Human papillomavirus (HPV)

This visual ‘atlas’ will help you to identify and describe non-malignant, potentially malignant and malignant oral lesions.

A diverse range of mucosal lesions can occur in the oral cavity. The history and clinical presentation of the non-malignant conditions listed below will help you differentiate them from potentially malignant or cancerous lesions. However, occasionally this can be difficult. If a lesion is suspicious, refer your patient for biopsy and definitive diagnosis.

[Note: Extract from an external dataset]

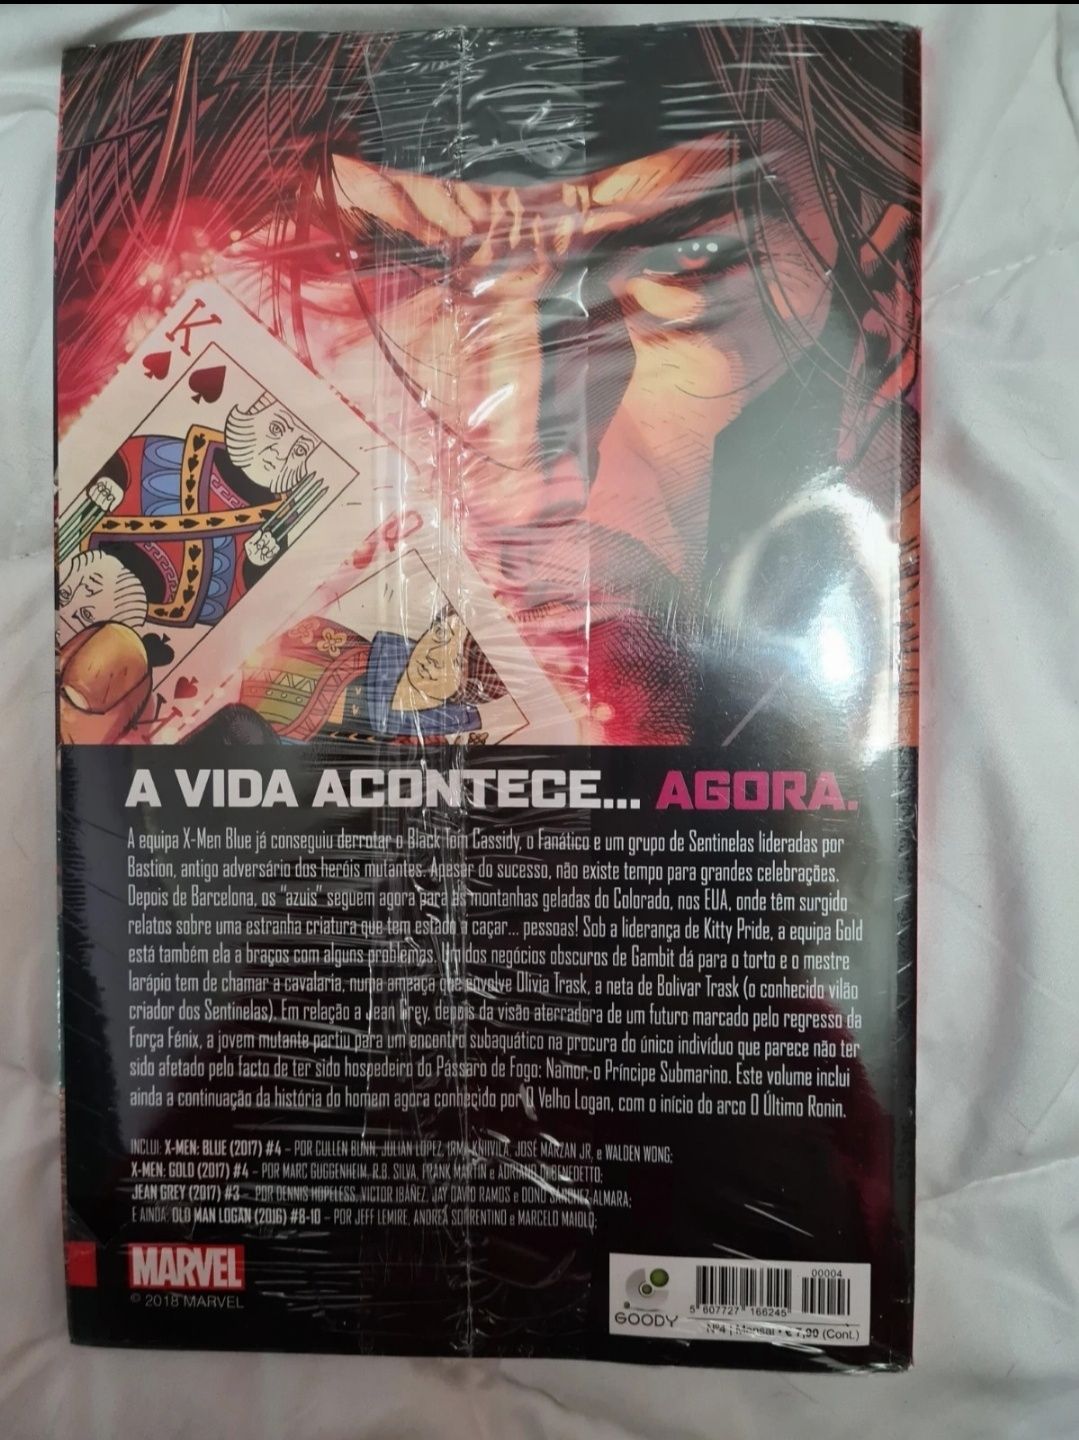 Livro "X-Men: Sorte, Acaso e Destino"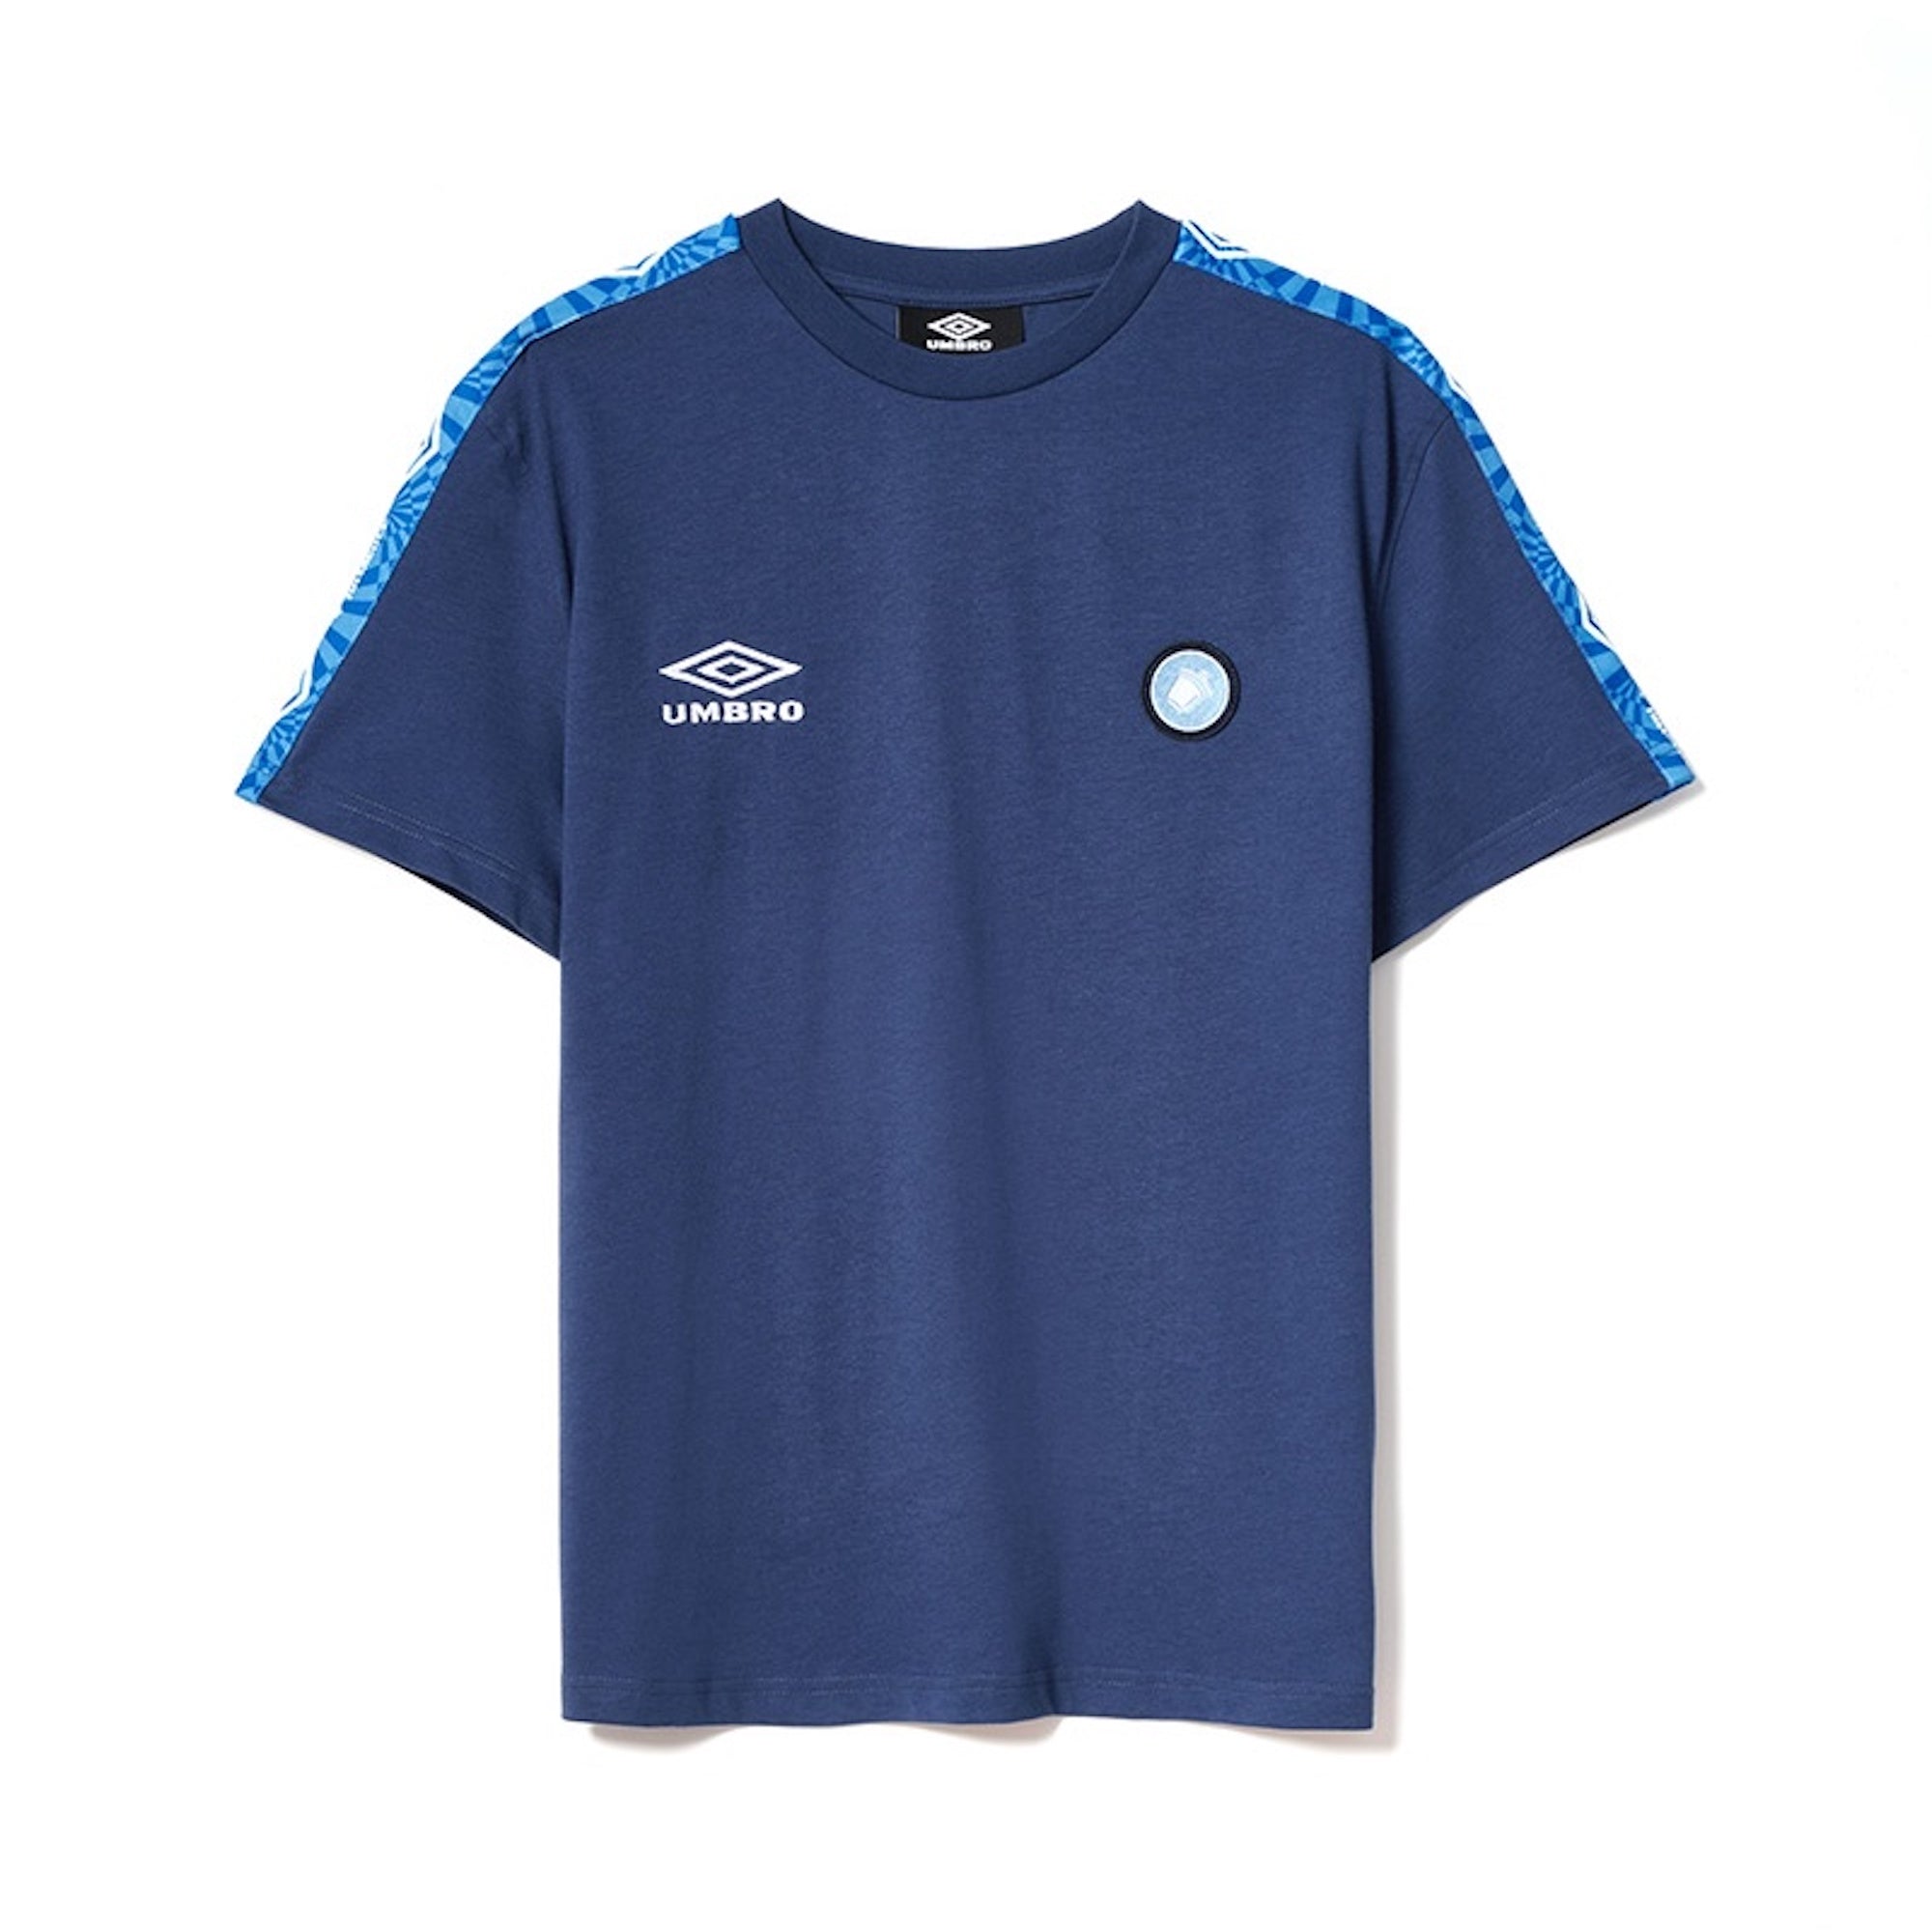 Umbro ×acchettee Napoli Tシャツ - UNISEX - ブルー

The stage when oral cancer is diagnosed is important, as it indicates prognosis. Stage I and II oral cancer corresponds directly to size, with no evidence of metastases. Stage III and IV oral cancer has spread to the lymph nodes or distant organs. Detection of oral cancer at an early stage can save your patient’s life.

Verruca vulgaris

Squamous papilloma

Benign, small isolated outgrowths of the oral mucosa that can have small finger-like projections resulting in a rough cauliflower-like surface. These are caused by non-oncogenic sub-types of human papilloma virus (HPV), usually 1, 6, 11 or 57. Acquired by direct contact or self-inoculation. These growths can be removed if unsightly or interfering with good oral hygiene.

An exophytic mass on the palatal mucosa close to the gingival margin of the upper right canine that has a rough cauliflower-like surface. This was asymptomatic and been present for many years.